The court reasoned attorney-client privilege “encourages full and frank communications between attorneys and their clients and thereby promotes broader public interests in the observance of law and administration of justice,” and the privilege is not necessarily tied to litigation. The court worried applying the broader “because of” test would “create perverse incentives for companies to add layers of lawyers to every business decision in hopes of insulating themselves from scrutiny in the future.” The “primary purpose” test has been adopted in some form by the Second, Fifth, Sixth, and D.C. Circuits.
Understanding the Difference between the “Primary Purpose” Test and California’s “Dominant Purpose” Test
The “primary purpose” test the Ninth Circuit adopted is narrower than the “dominant purpose” test for dual-purpose communications used in California. Under the “dominant purpose” test, a court asks whether the dominant purpose of the relationship between the parties to the communication is one of attorney-client. (Costco Wholesale Corp. v. Superior Court (2009) 47 Cal.4th 725.) The “relevant inquiry is not the content of the communication but is instead the relationship of the communicators.” (Clark v. Superior Court (2011) 196 Cal.App.4th 37, 52.) However, the communication must occur in the course of the attorney-client relationship. The attorney-client privilege would not apply, for example, if the attorney is merely acting as a client’s business advisor.
Because California courts look to the purpose of the attorney-client relationship, rather than a particular document’s contents, attorney-client privilege arguably applies to a broader range of communications in California courts. However, the California Supreme Court slightly narrowed the scope of the attorney-client privilege in its decision Los Angeles County Bd. of Supervisors v.

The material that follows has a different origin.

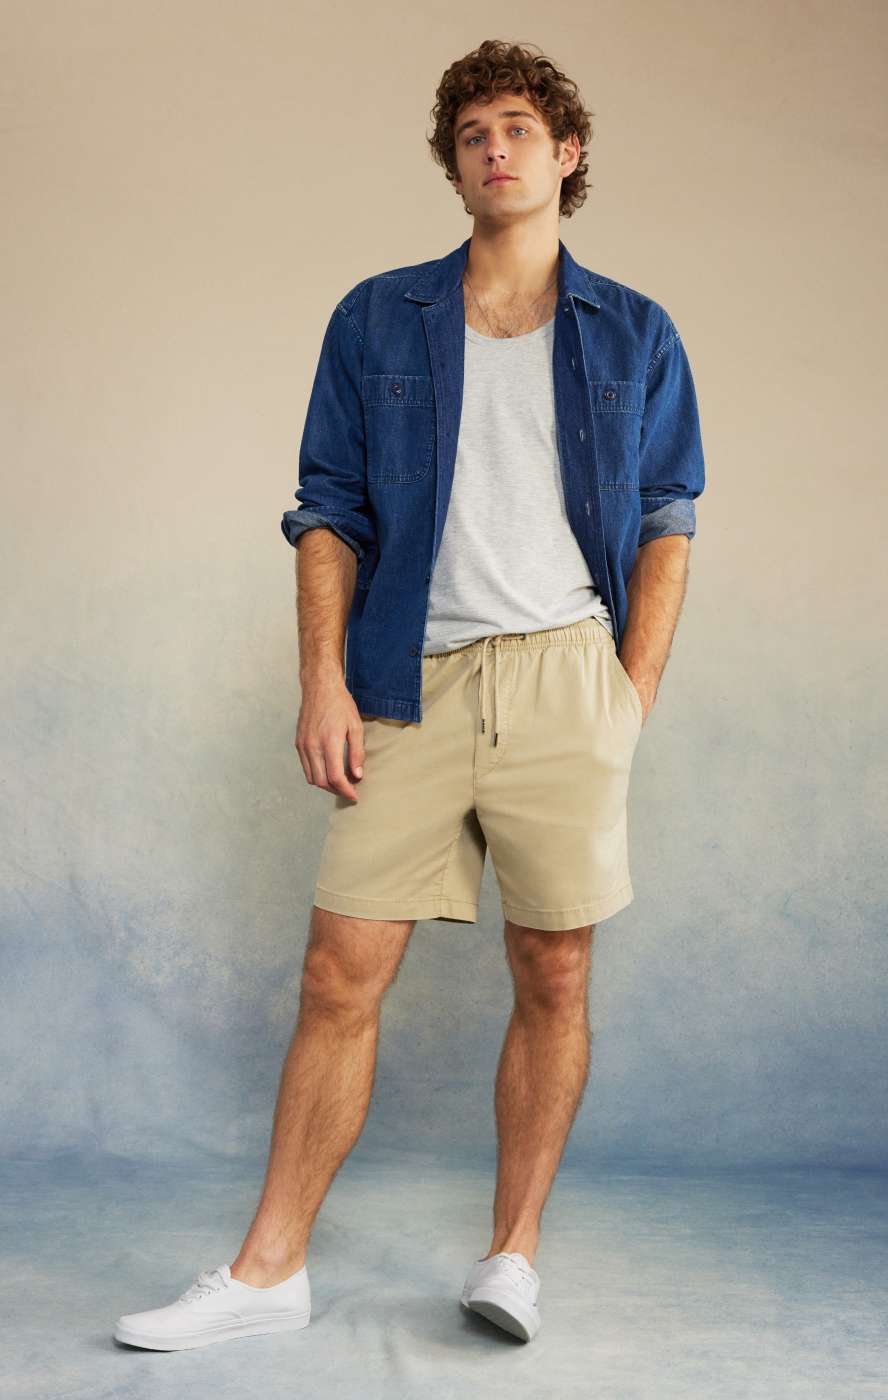 Model in tan shorts with white shirt and blue button up
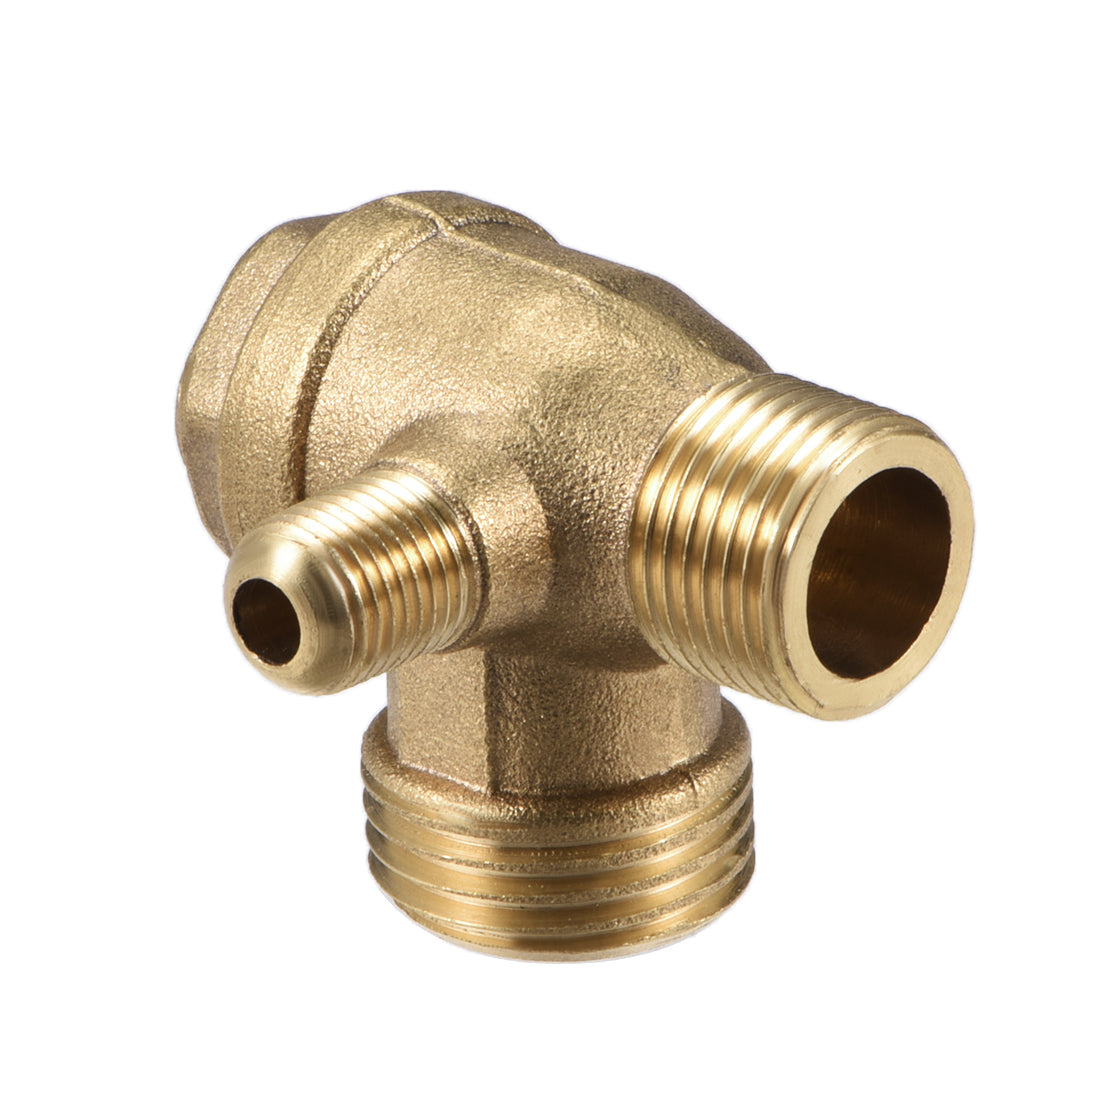 uxcell Uxcell Air Compressor Check Valve 90 Degree Male Threaded Brass 3/8PTx1/2PTxM10 2Pcs

Superior Court (2016) 2 Cal.5th 282, holding an attorney’s invoices to a client may not be considered privileged after litigation ends.
Practical Implications for You and Your Clients
One rarely knows with absolute certainty if they might end up in federal or state court, so caution warrants operating under the narrower federal “primary purpose” test. Recall that under this test, whether the attorney-client privilege applies is determined on a document-by-document basis. An attorney lulled into thinking California’s broader attorney-client privilege protects their communications may get a rude awakening if litigating in federal court.
Ideally, all legal and non-legal communications between an attorney and client would be kept separate, so no doubt exists in the first place whether the communications were dual-purpose. Keeping conversations separate is difficult in practice, however. Email threads between attorneys and their clients often drift from their original intent.
When communicating with clients, care should be taken to make explicit the communication is made for the purpose of giving or receiving legal counsel. When bringing on a new client, remind them of the scope and limitations of the attorney-client privilege. If there are non-legal reasons to communicate with a client, or a legal conversation drifts into non-legal territory, create a separate thread of conversation for the non-legal conversation. Clear separation of legal and non-legal discussion will also save time and expense in the future if communications need to be reviewed for privilege or redacted.